Минут за двадцать до появления экспресса Серьга подтянул своих людей к полотну, спрятав их за ближайшими деревьями. Сам же осторожно зажёг красный фонарь, прижав к груди рубиновое стекло. Медленно потекли минуты, и вот где-то издали послышался подавленный гул, звук заметно приближался, сначала пробежал какой-то шорох по рельсам, он вскоре усилился, наконец, рельсы запели.
– Готовься, ребята, – полугромко сказал Серьга и вышел на самое полотно, продолжая держать плотно прижатый к груди фонарь.
Я приглядел огромный камень, за который намеревался спрятаться, чуть поднимется перепалка. Я внимательно наблюдал за Серьгой. Он, как вкопанный, стоял между рельсами.
Звук подходящего поезда быстро приближался. Вдруг в начале закругления вынырнуло 3 огненных глаза, и в этот момент Серьга, повернув фонарь, высоко поднял его над головой. Разлетевшийся поезд быстро затормозил. Серьга свистнул, и вся шайка, как один человек, перепрыгнув канаву, кинулась на поезд. Четверо во главе с Серьгой подбежали к паровозу, остальные принялись карабкаться по вагонам. Выстрелами с паровоза и тендера Серьга был убит на месте и два из его товарищей ранены. Встретив по вагонам неожиданное вооружеённое сопротивление, уцелевшие разбойники поспешно отступили и бросились бежать в лес, где и были переловлены подошедшими с товарного поезда людьми.
– Вот и всё, Аркадий Францевич, – закончил свой рассказ Панкратьев.
Я горячо поблагодарил моего самоотверженного сослуживца и представил его вне очереди к награде – к Анне третьей степени. Что же касается остальных командированных по этому делу агентов, праздно потерявших более 2 месяцев, им достался удел любоваться лишь орденом, украсившим грудь их более счастливого товарища.

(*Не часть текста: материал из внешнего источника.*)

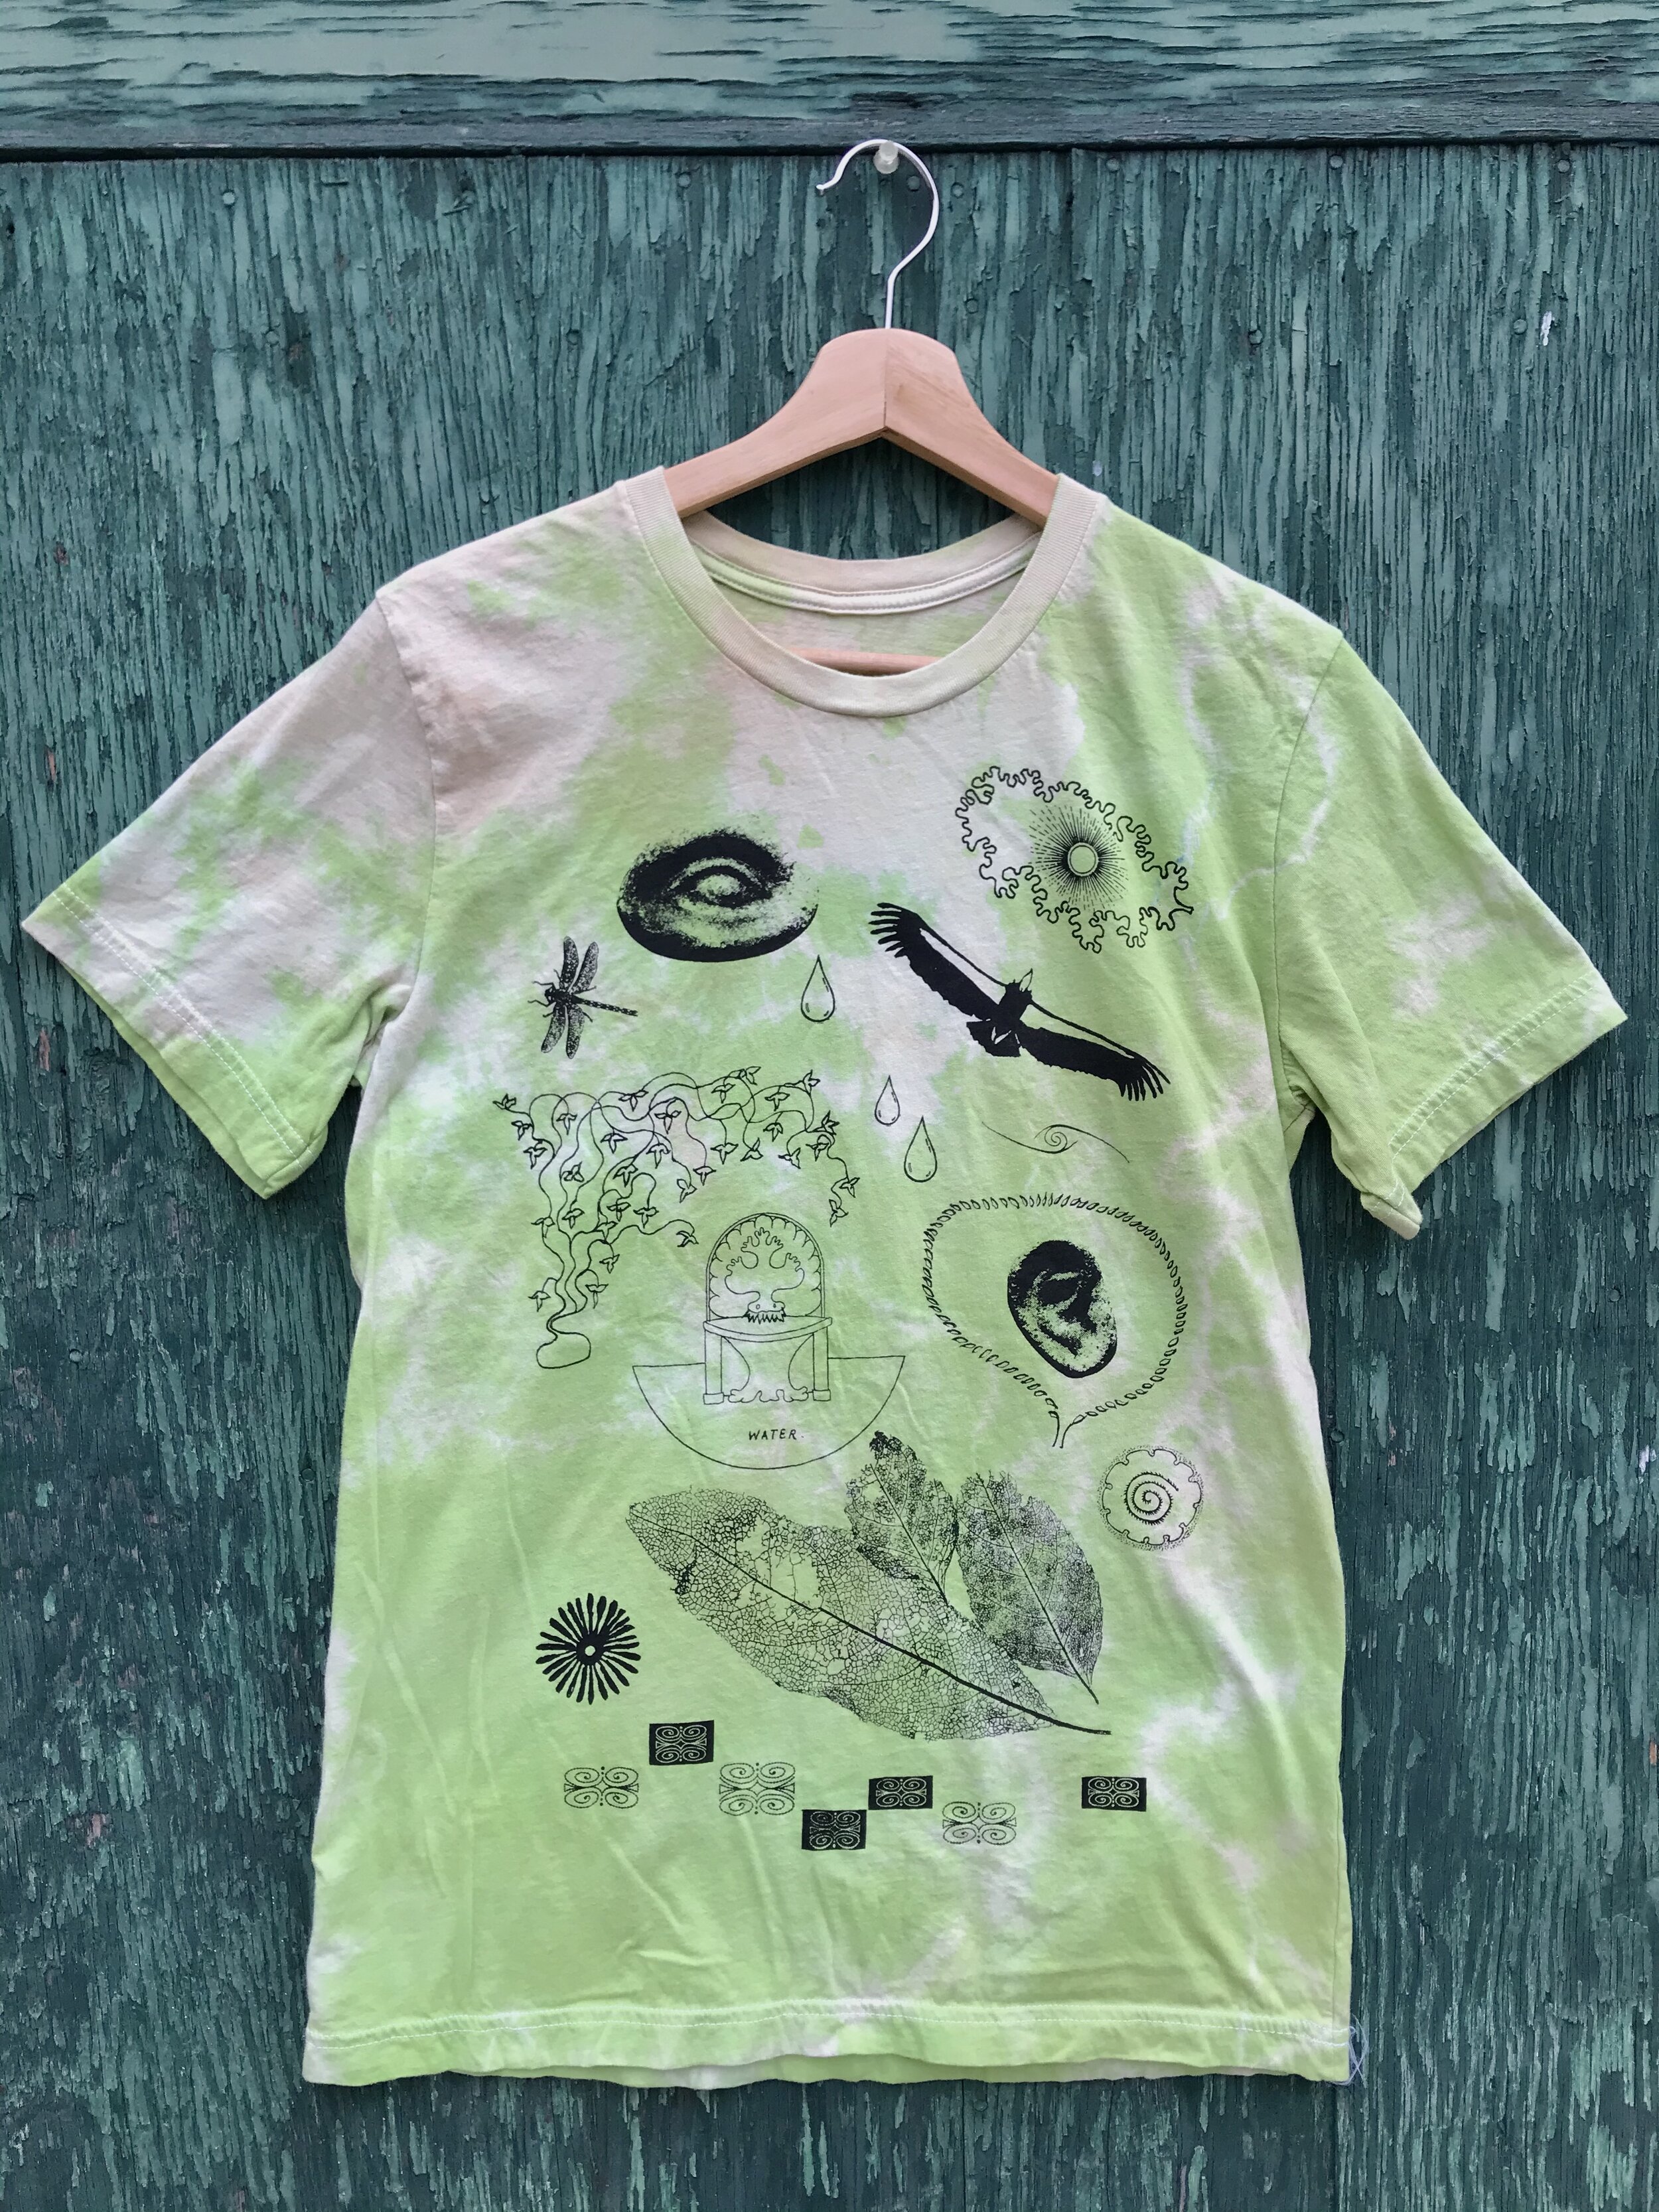  The Forest Remembers t-shirt  Tie dyed and screenprinted   open edition, 2020

Убийство иеромонаха Амвросия{23}23
Печатается по Кошко А.Ф. Убийство иеромонаха Амвросия // Иллюстрированная Россия. Париж, 1927. № 19. С.12–13, № 20 С. 10–12.
[Закрыть]
Летом 1913 года прочёл я в московских газетах сообщение об убийстве в Троицко-Сергиевской лавре иеромонаха Амвросия. Так как преступления, совершаемые вне столицы, не подлежали ведению московской Сыскной полиции, то я ограничился распоряжением, чтобы мои агенты следили за тем, что говорится по этому поводу в разных притонах и среди подозрительных элементов, и сообщали получаемые данные местной полиции.
Прошла неделя. Работа местных властей оказалась безрезультатной, и московский губернатор ввиду особой важности преступления обратился ко мне с просьбой взять это дело в свои руки.
Я лично отправился в лавру и, пробыв там два дня, выяснил следующее.
Убитый иеромонах Амвросий по своему происхождению принадлежал к интеллигентной семье. Он служил офицером в одном из наших полков и постригся в монахи вследствие пережитых каких-то житейских ударов. Жил он в особом корпусе за собором против самой стены, окружавшей лавру. Между стеной и корпусом находился двор, где были сложены штабели дров, примыкавшие вплотную к жилому зданию. Келья Амвросия помещалась во втором этаже; окнами она выходила в этот двор, а входными дверями – в длинный коридор, тянувшийся вдоль всего корпуса. В обоих этажах помещались кельи монахов. Помещение убитого состояло из двух высоких комнат, очень прилично меблированных. Видно, покойный привык к известному комфорту и не хотел от него отказаться в монастыре.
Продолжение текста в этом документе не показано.